Jesus is king and Lord over all creation, "saved" and "lost". Everyone may not recognize it, but it is true.


----------



## Dachaser (May 1, 2018)

Gforce9 said:


> Jesus is king and Lord over all creation, "saved" and "lost". Everyone may not recognize it, but it is true.


Yes, but there is coming that day yet to happen when all who have ever lived shall be forced to acknowledge Him as being such.


----------



## Gforce9 (May 1, 2018)

Dachaser said:


> Yes, but there is coming that day yet to happen when all who have ever lived shall be forced to acknowledge Him as being such.



No argument there, but Jesus' kingship must not be in dispute ......


----------



## Dachaser (May 1, 2018)

Gforce9 said:


> No argument there, but Jesus' kingship must not be in dispute ......


Its not, its just that I still think Dr Macarthur is trying to force feed from the scriptures more than they would support.

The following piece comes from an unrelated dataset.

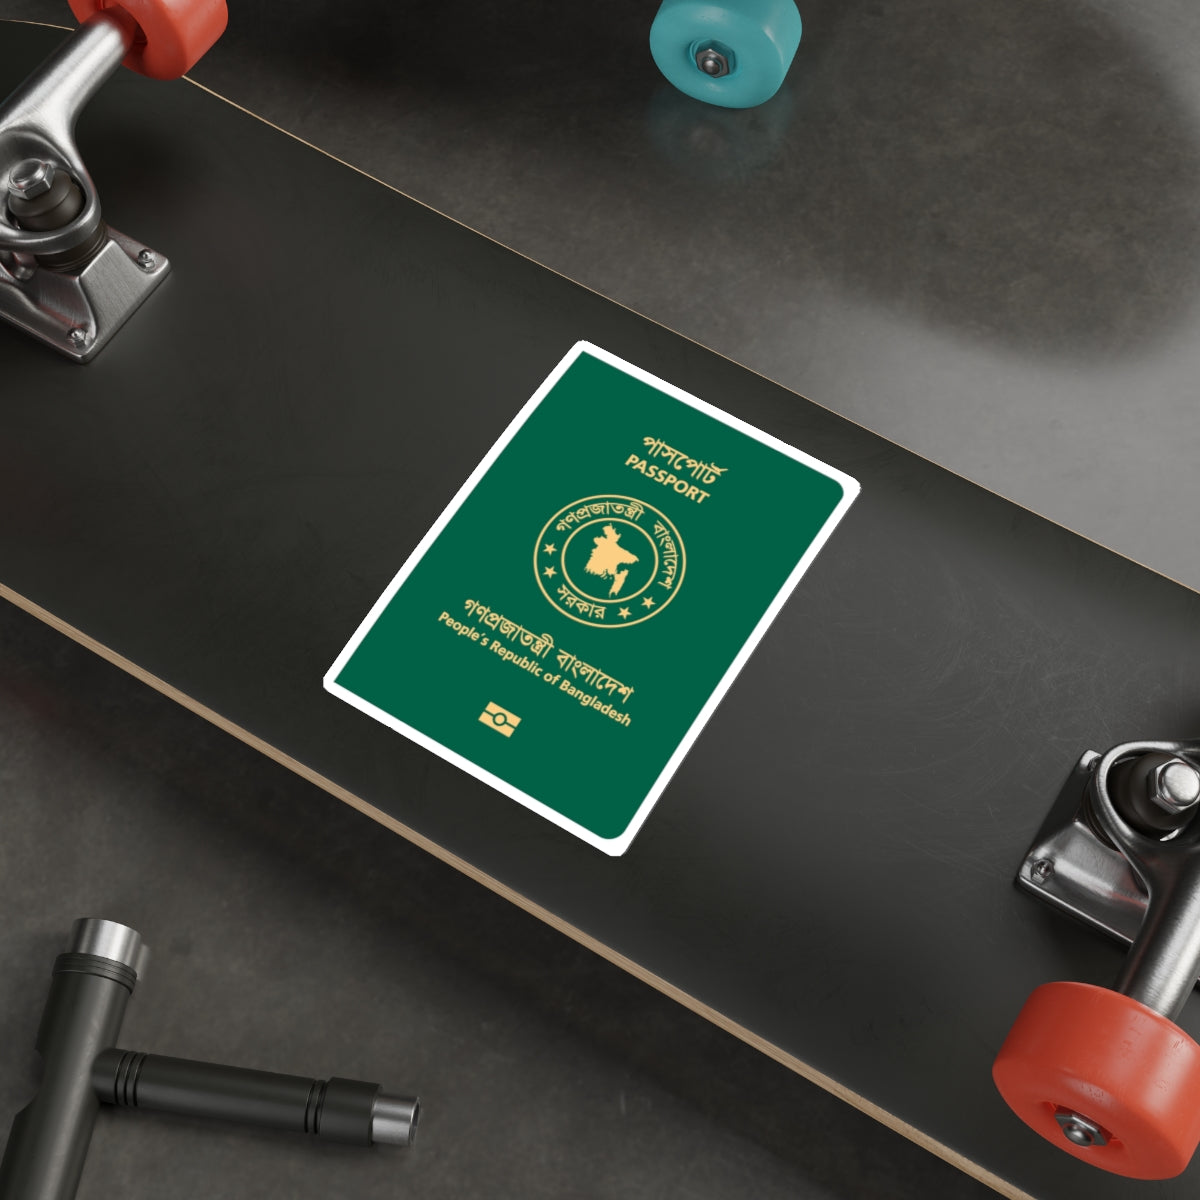 Bangladeshi E-Passport STICKER Vinyl Die-Cut Decal-The Sticker Space

He seems to blur and break down the distinctions between Justification and Sanctification to me somewhat.
I know that he really dislikes the "become saved by just asking Jesus into your heart one time," but think that he tends to overreact a bit on this issue of the Lordship salvation.


----------



## Steve Curtis (May 1, 2018)

Dachaser said:


> I know that he really dislikes the saved


A classic example of the dangers of typos!

Reactions: Funny 1


----------



## Gforce9 (May 2, 2018)

kainos01 said:


> A classic example of the dangers of typos!


----------



## Dachaser (May 2, 2018)

kainos01 said:


> A classic example of the dangers of typos!


Thanks, edited my post.


----------



## ccravens (May 4, 2018)

I also highly recommend it. I have both editions.

He makes it very clear that he is not mixing justification with sanctification. He goes to great pains to make that point early on in the book.


----------



## Dachaser (May 5, 2018)

ccravens said:


> I also highly recommend it. I have both editions.
> 
> He makes it very clear that he is not mixing justification with sanctification. He goes to great pains to make that point early on in the book.


He does seem to be making though the point that unless one has fully surrendered to the Lordship of Christ, one has to have some doubt/concerns about their own salvation.


----------